- [DIRECTIONS]:
Every word in the data below belongs in your copy, exactly as given; the pictures do not.

- [COLLECTED MATERIAL]:

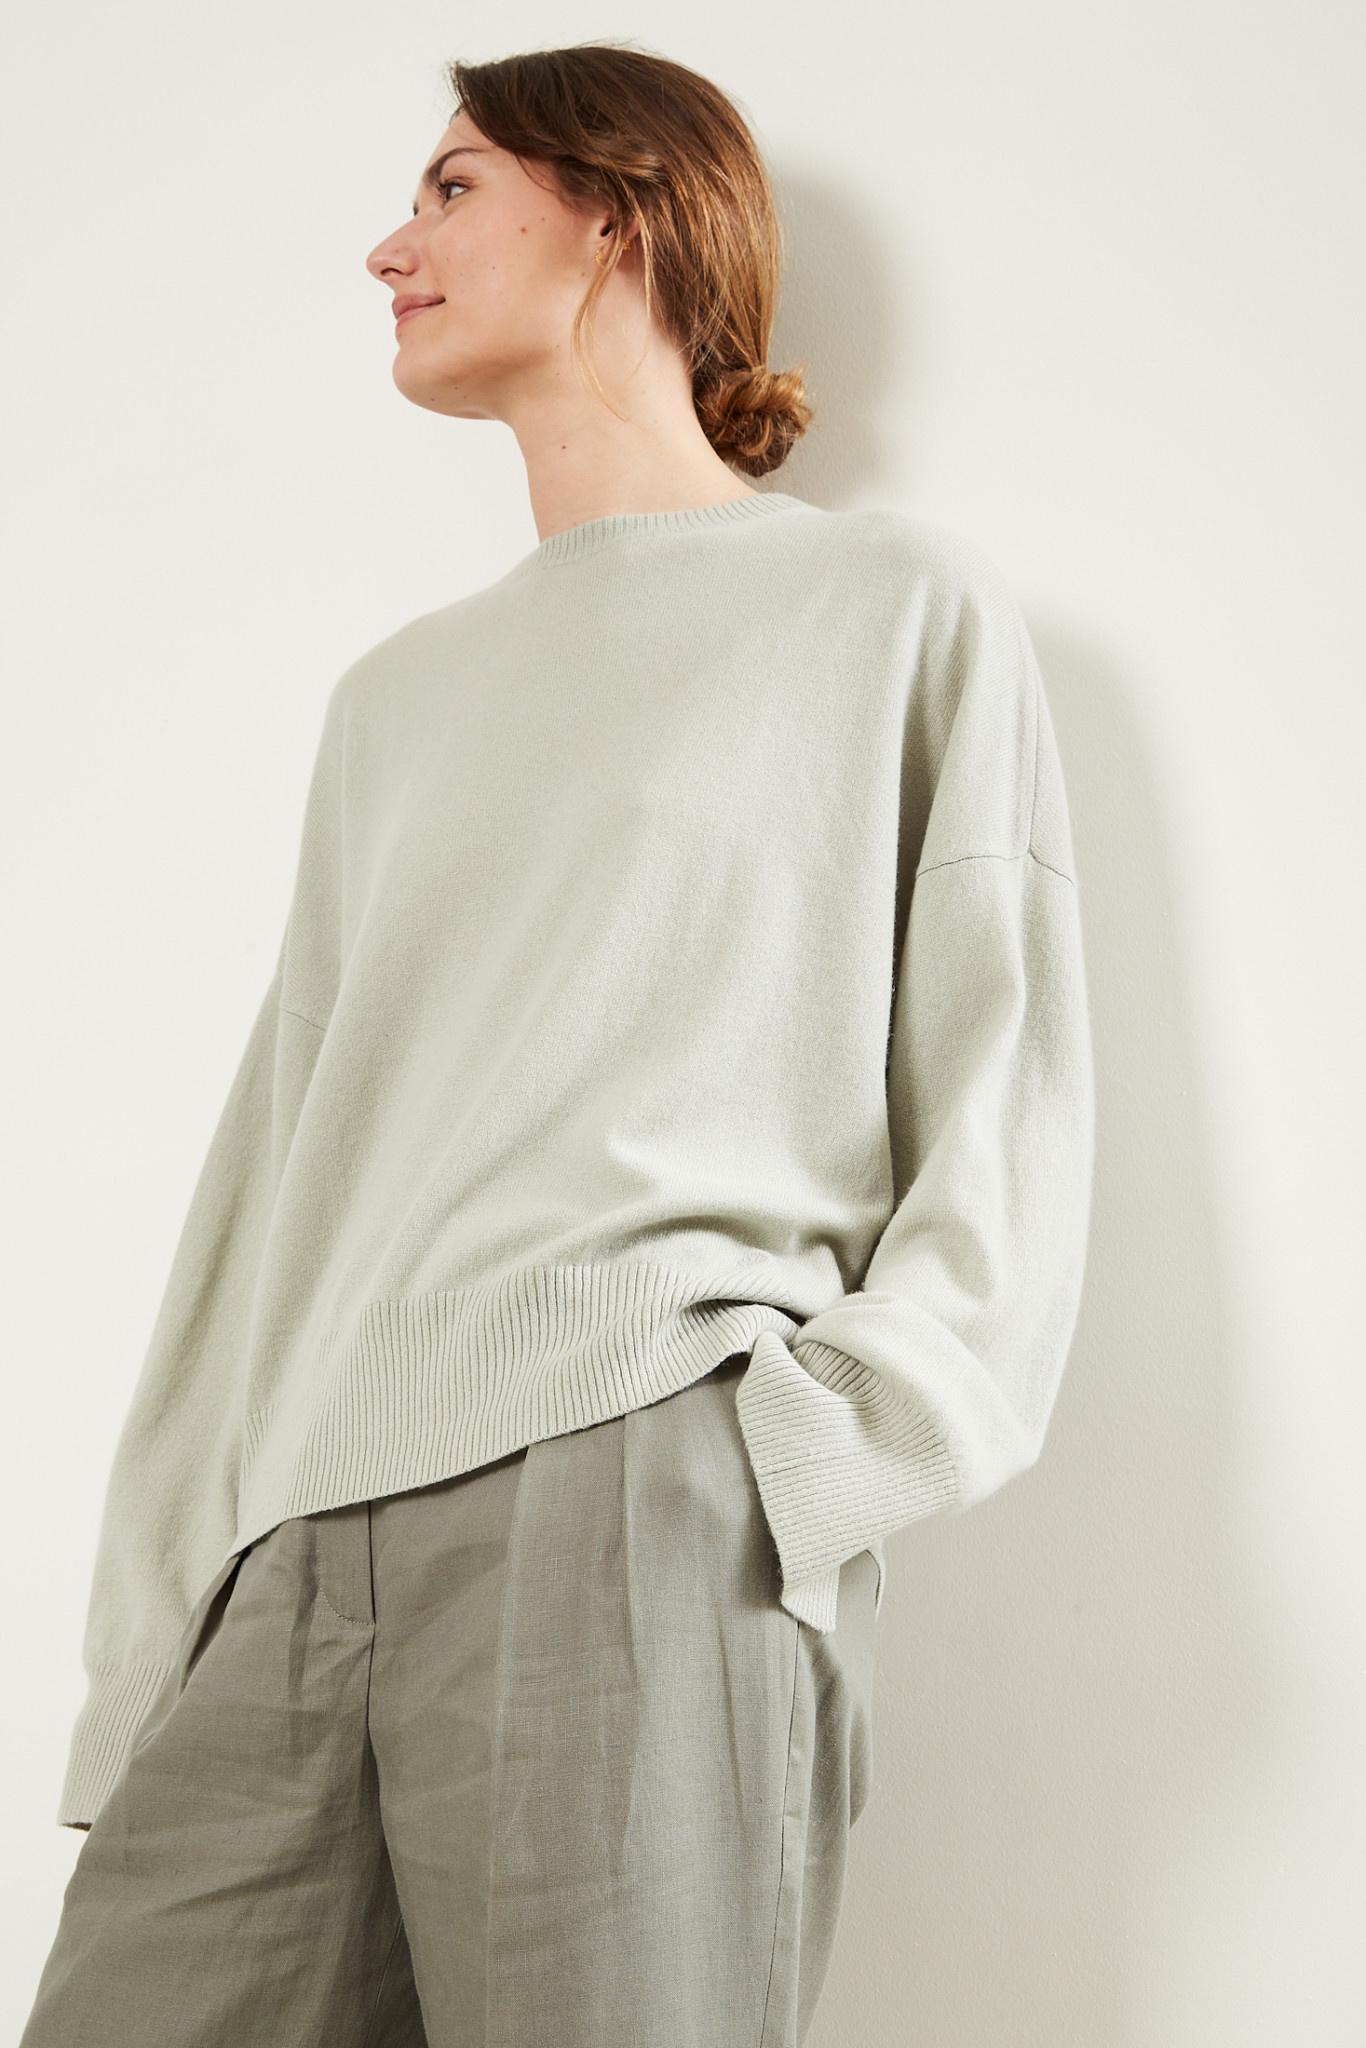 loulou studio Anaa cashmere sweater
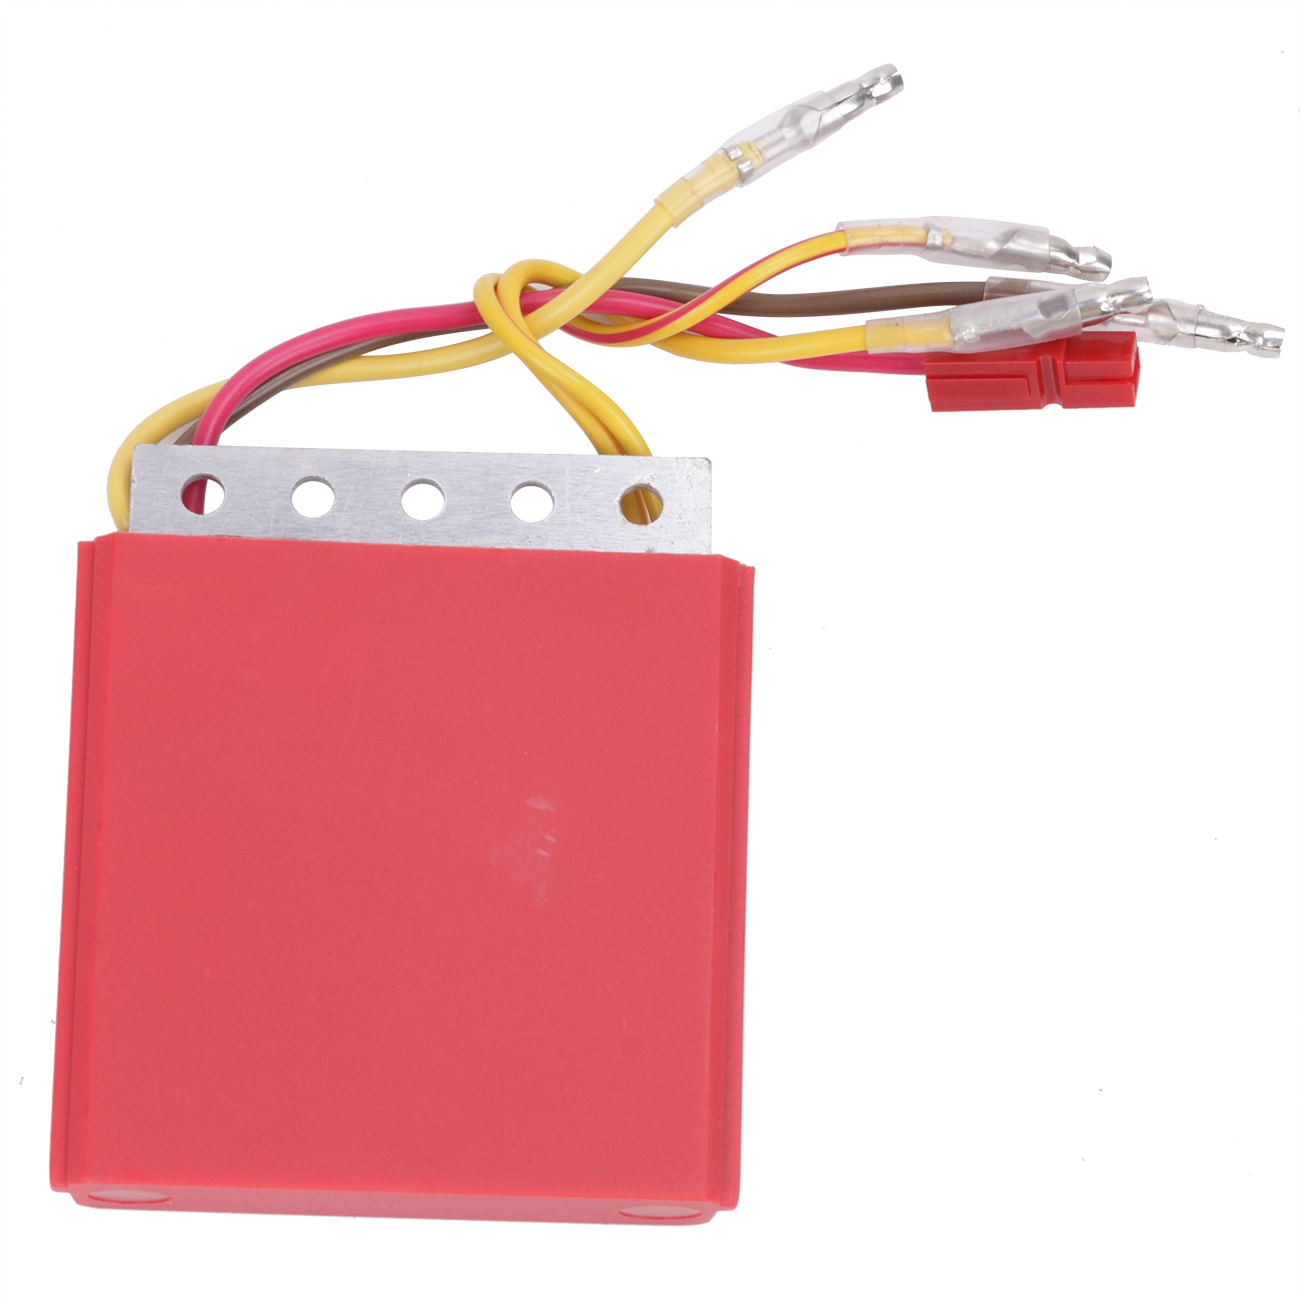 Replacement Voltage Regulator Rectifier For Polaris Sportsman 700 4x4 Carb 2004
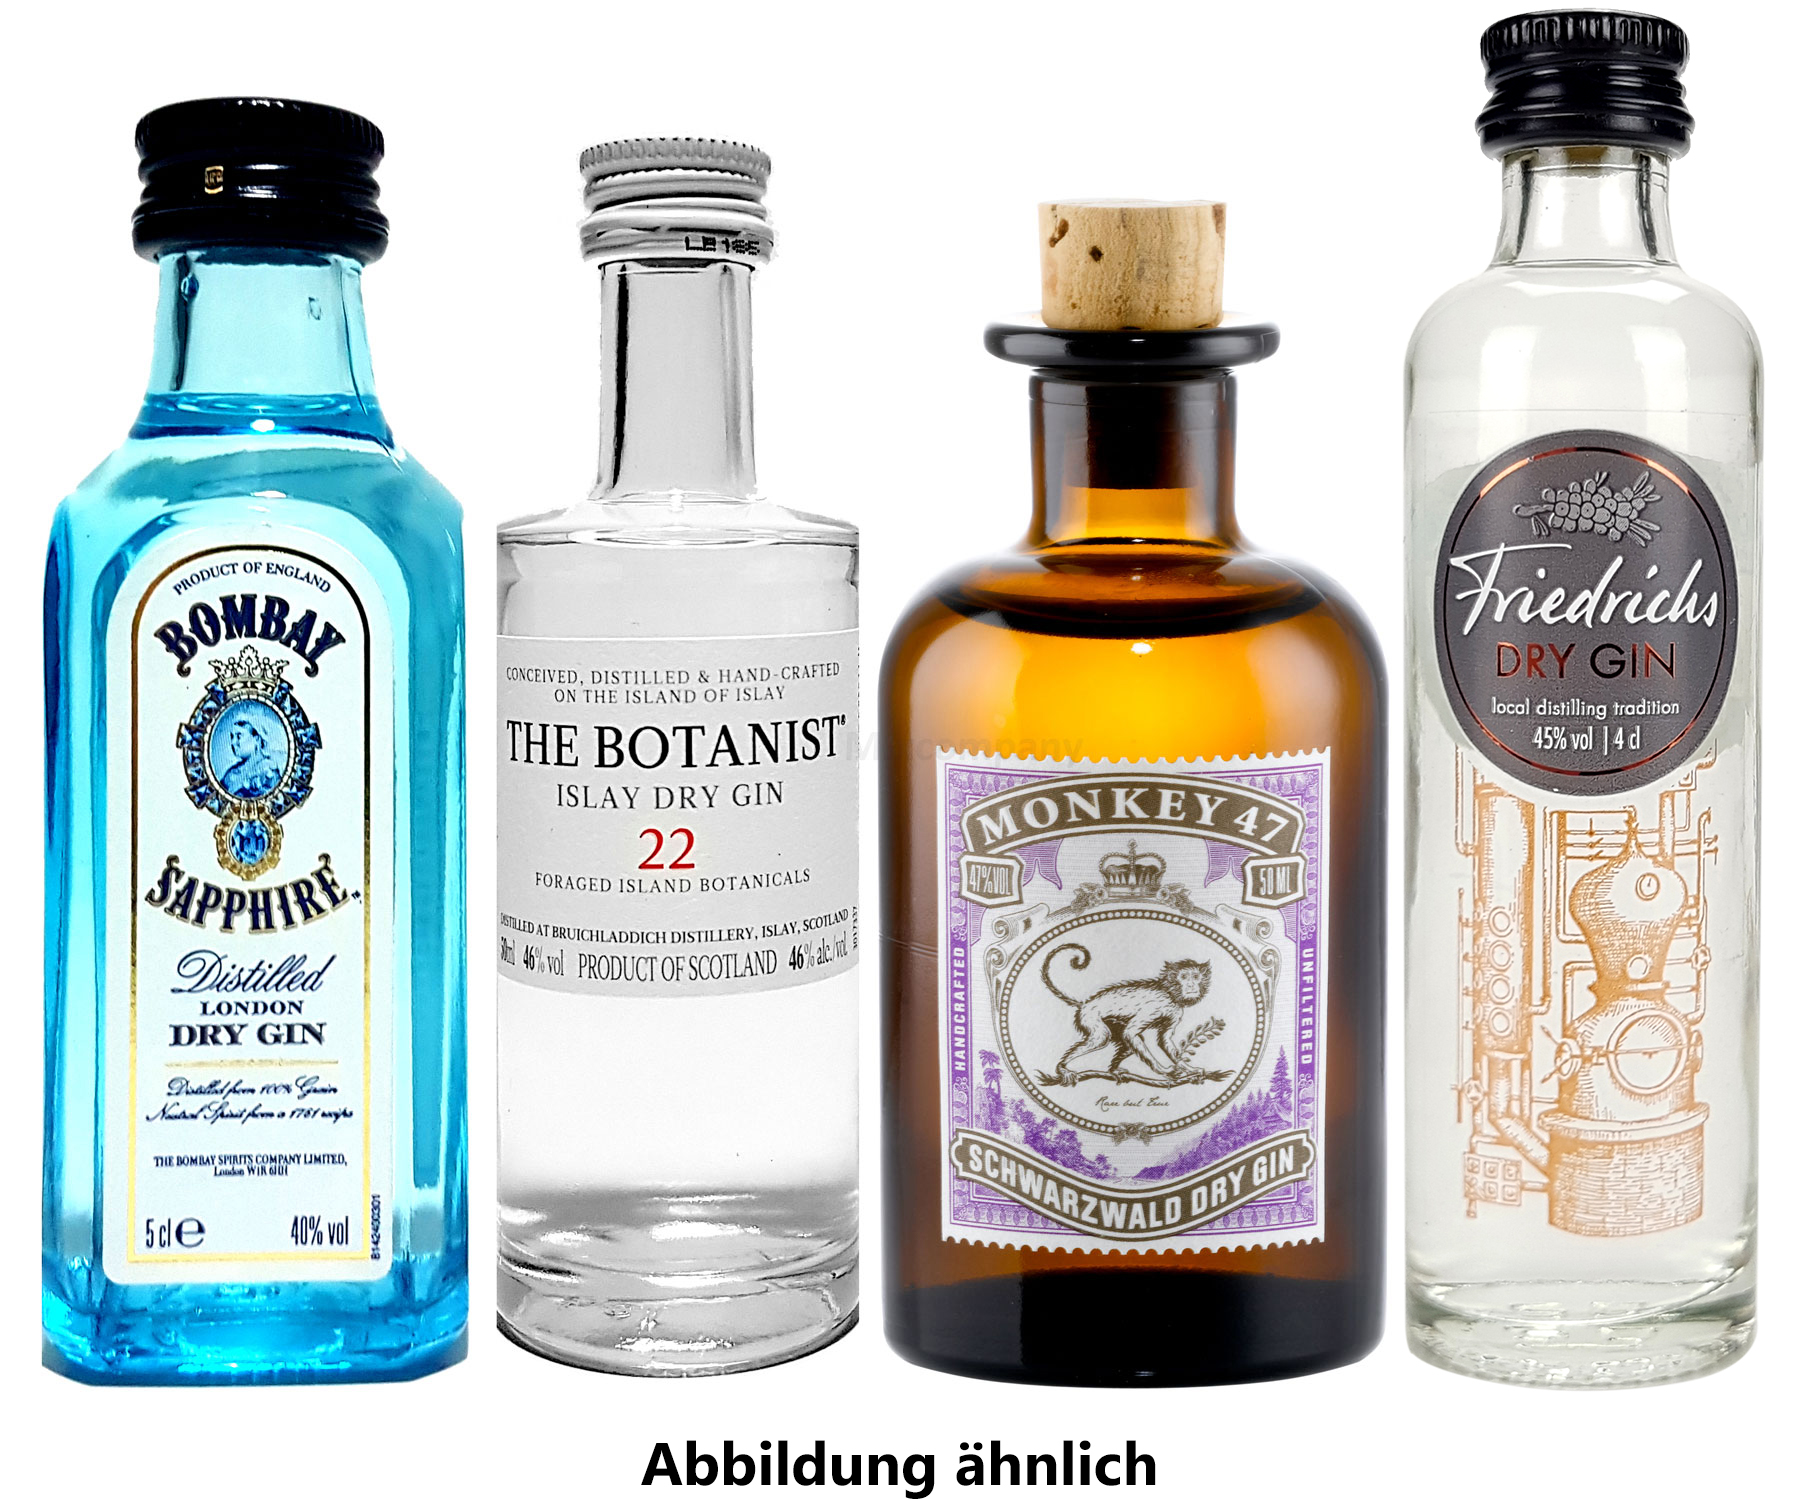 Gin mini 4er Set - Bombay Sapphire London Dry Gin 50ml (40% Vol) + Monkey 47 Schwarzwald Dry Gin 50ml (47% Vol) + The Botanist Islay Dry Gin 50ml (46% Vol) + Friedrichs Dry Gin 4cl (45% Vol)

- [OUTPUT FOR THIS EXERCISE]:
 loulou studio Anaa cashmere sweater
 Replacement Voltage Regulator Rectifier For Polaris Sportsman 700 4x4 Carb 2004
 Gin mini 4er Set - Bombay Sapphire London Dry Gin 50ml (40% Vol) + Monkey 47 Schwarzwald Dry Gin 50ml (47% Vol) + The Botanist Islay Dry Gin 50ml (46% Vol) + Friedrichs Dry Gin 4cl (45% Vol)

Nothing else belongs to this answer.